Can you also confirm that you get the same output with srun -p gpu --gres=gpu:A100:1 nvidia-smi -L and srun -p gpu --gres=gpu:A100:3 nvidia-smi -L than when using pyxis/enroot?

I dont get the same output, it is actually what I was mentioning in the previous parenthesis. For some reason, all GPUs get listed even when in reality only the requested number will work and transparently regarding the GPU ID mapping.

➜  ~ srun -p gpu --gres=gpu:A100:1 nvidia-smi -L             
GPU 0: A100-SXM4-40GB (UUID: GPU-baa4736e-088f-77ce-0290-ba745327ca95)
GPU 1: A100-SXM4-40GB (UUID: GPU-d40a3b1b-006b-37de-8b72-669c59d14954)
GPU 2: A100-SXM4-40GB (UUID: GPU-35a012ac-2b34-b68f-d922-24aa07af1be6)
GPU 3: A100-SXM4-40GB (UUID: GPU-b75a4bf8-123b-a8c0-dc75-7709626ead20)
GPU 4: A100-SXM4-40GB (UUID: GPU-9366ff9f-a20a-004e-36eb-8376655b1419)
GPU 5: A100-SXM4-40GB (UUID: GPU-75da7cd5-daf3-10fd-2c3f-56259c1dc777)
GPU 6: A100-SXM4-40GB (UUID: GPU-f999e415-54e5-9d7f-0c4b-1d4d98a1dbfc)
GPU 7: A100-SXM4-40GB (UUID: GPU-cce4a787-1b22-bed7-1e93-612906567a0e)
➜  ~ srun -p gpu --gres=gpu:A100:3 nvidia-smi -L
GPU 0: A100-SXM4-40GB (UUID: GPU-baa4736e-088f-77ce-0290-ba745327ca95)
GPU 1: A100-SXM4-40GB (UUID: GPU-d40a3b1b-006b-37de-8b72-669c59d14954)
GPU 2: A100-SXM4-40GB (UUID: GPU-35a012ac-2b34-b68f-d922-24aa07af1be6)
GPU 3: A100-SXM4-40GB (UUID: GPU-b75a4bf8-123b-a8c0-dc75-7709626ead20)
GPU 4: A100-SXM4-40GB (UUID: GPU-9366ff9f-a20a-004e-36eb-8376655b1419)
GPU 5: A100-SXM4-40GB (UUID: GPU-75da7cd5-daf3-10fd-2c3f-56259c1dc777)
GPU 6: A100-SXM4-40GB (UUID: GPU-f999e415-54e5-9d7f-0c4b-1d4d98a1dbfc)
GPU 7: A100-SXM4-40GB (UUID: GPU-cce4a787-1b22-bed7-1e93-612906567a0e)
crinavar commented 3 years ago

I have added the ConstrainDevices=yes in cgroup.conf and it works!. Already tested for several combinations of GPUs requested and multiple jobs at the same time. Seems to have been fixed. Many thanks for the help.
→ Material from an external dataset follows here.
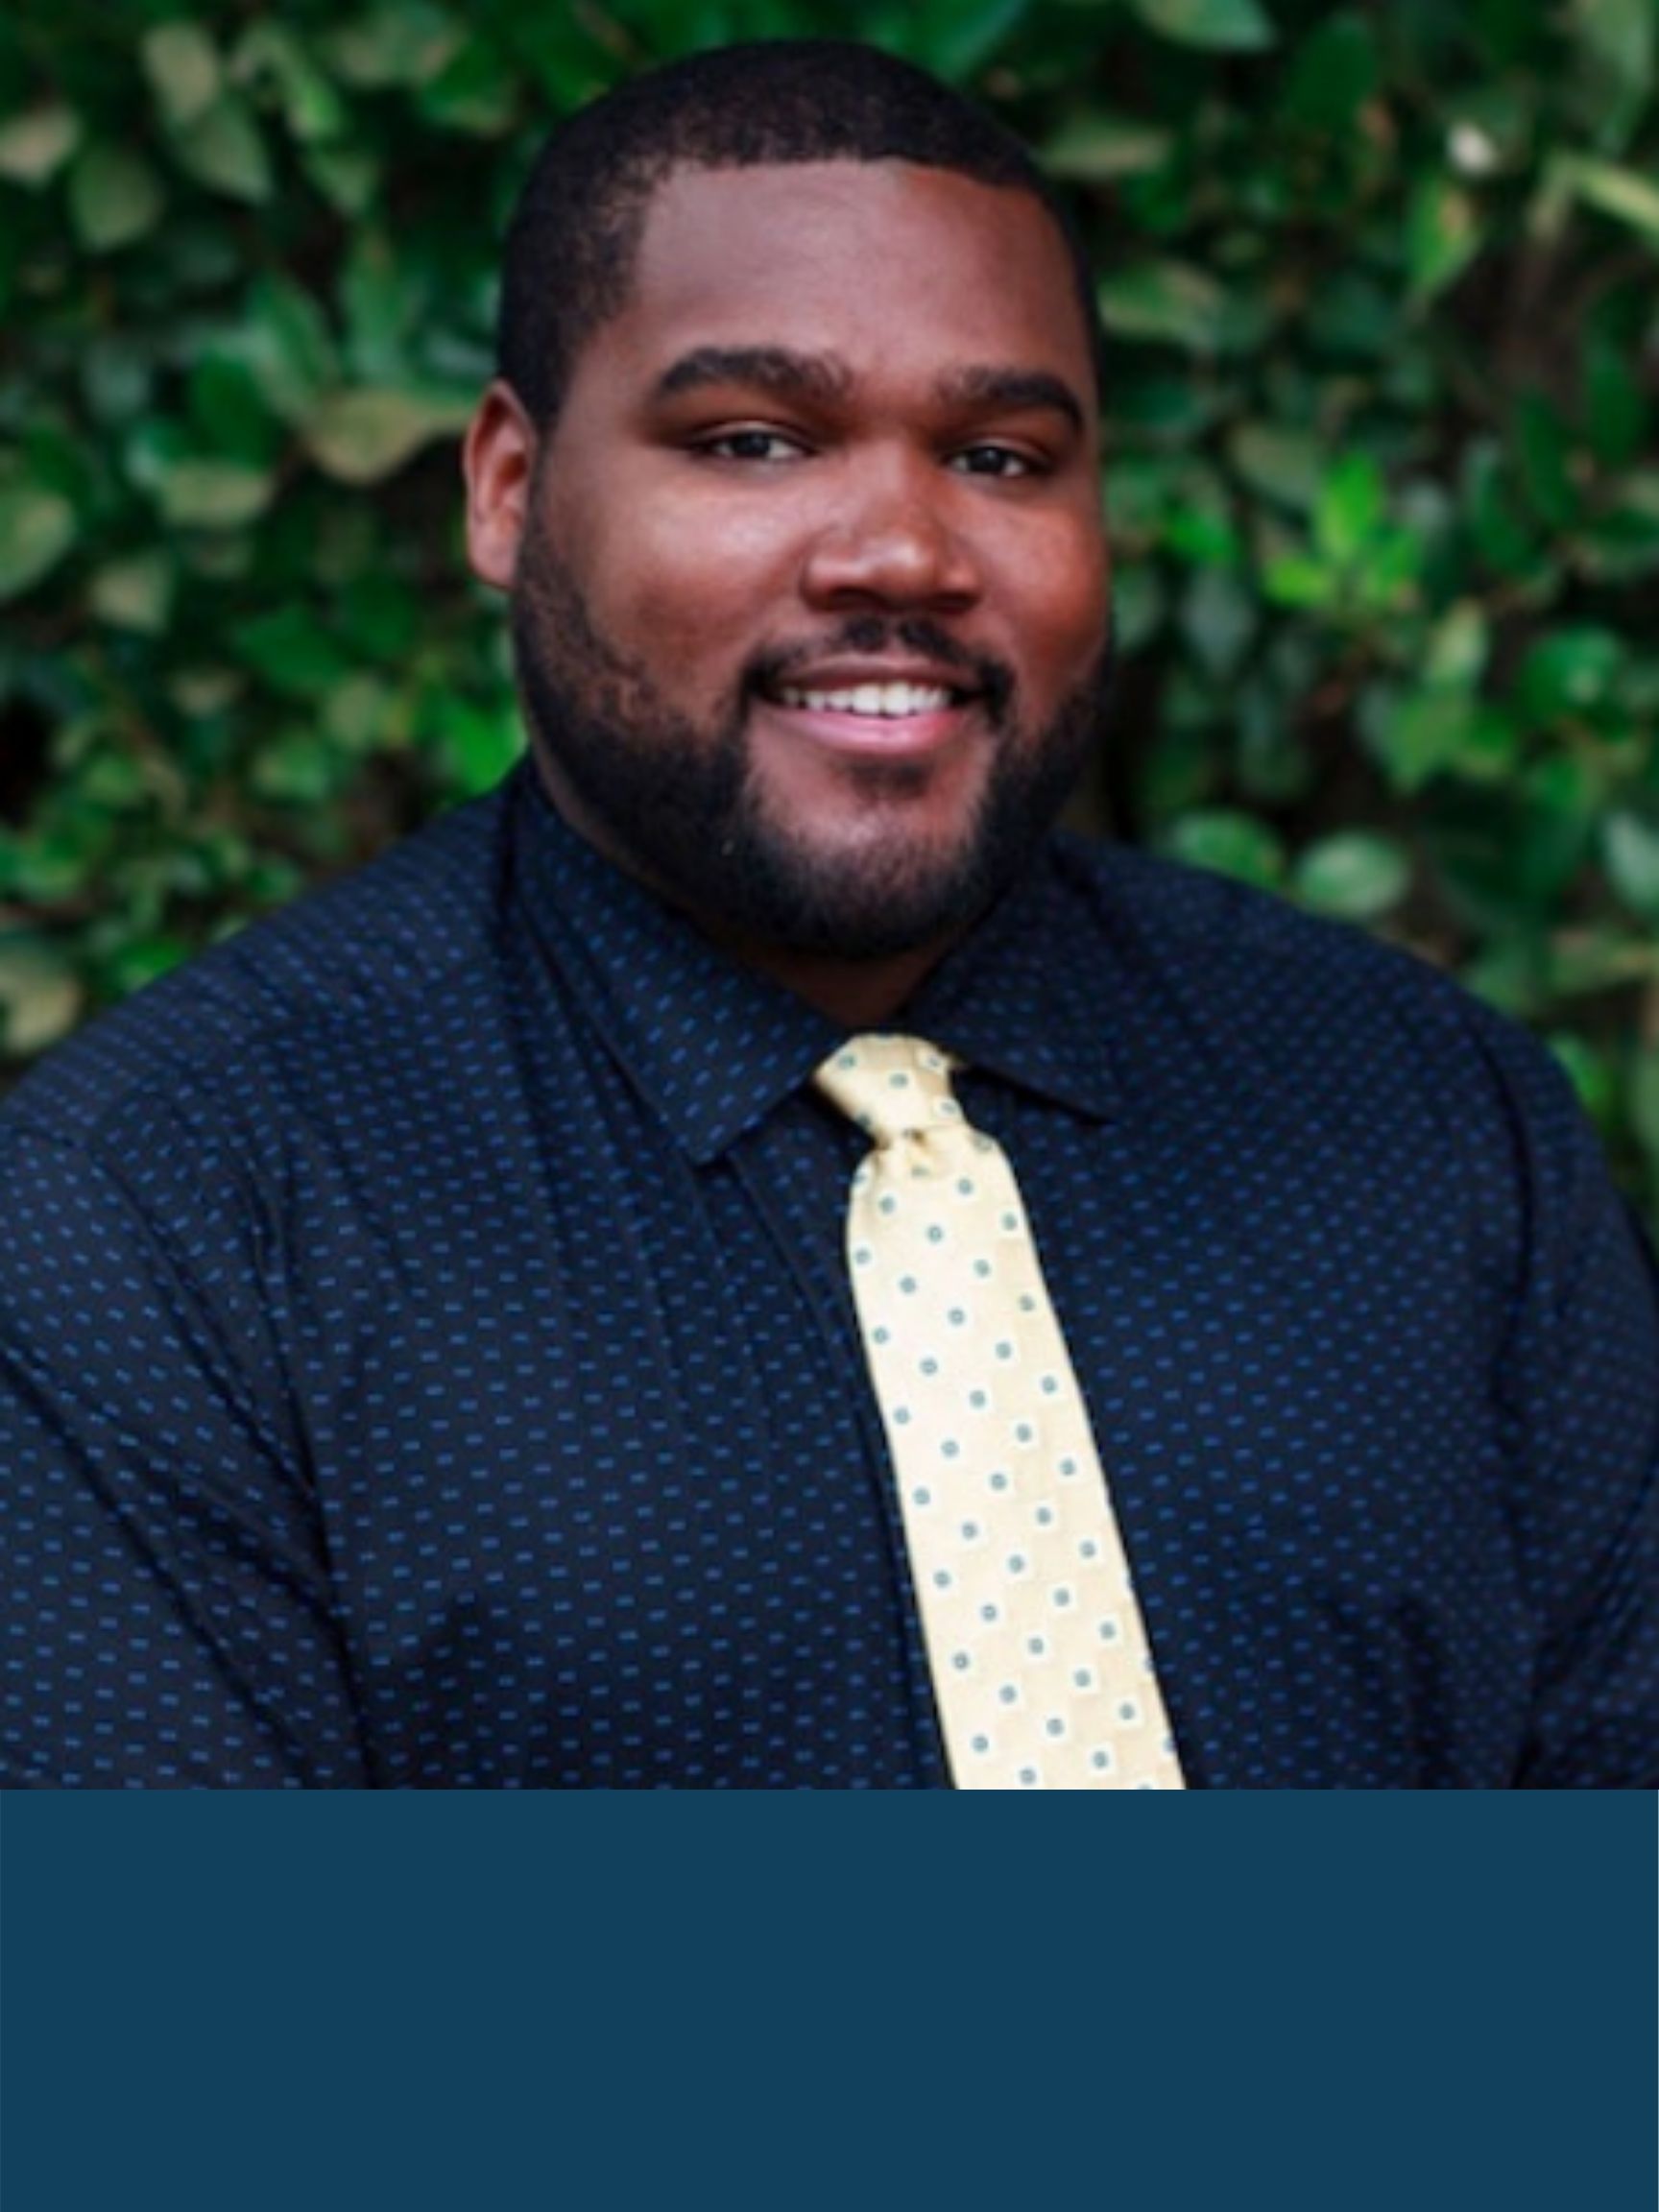 A formal portrait of Jevon Wilkes, Executive Director of California Coalition for Youth, wearing a button down shirt and yellow tie

flx42 commented 3 years ago

That's great to hear! Closing this bug for now.

However, there seems to be a weird interaction between CUDA_VISIBLE_DEVICES and enroot (or libnvidia-container). Given that Slurm was using the CUDA_VISIBLE_DEVICES approach, I was not expecting to see a subset of the /dev/nvidia{0..7} files inside the container. @3XX0 any idea what happened here?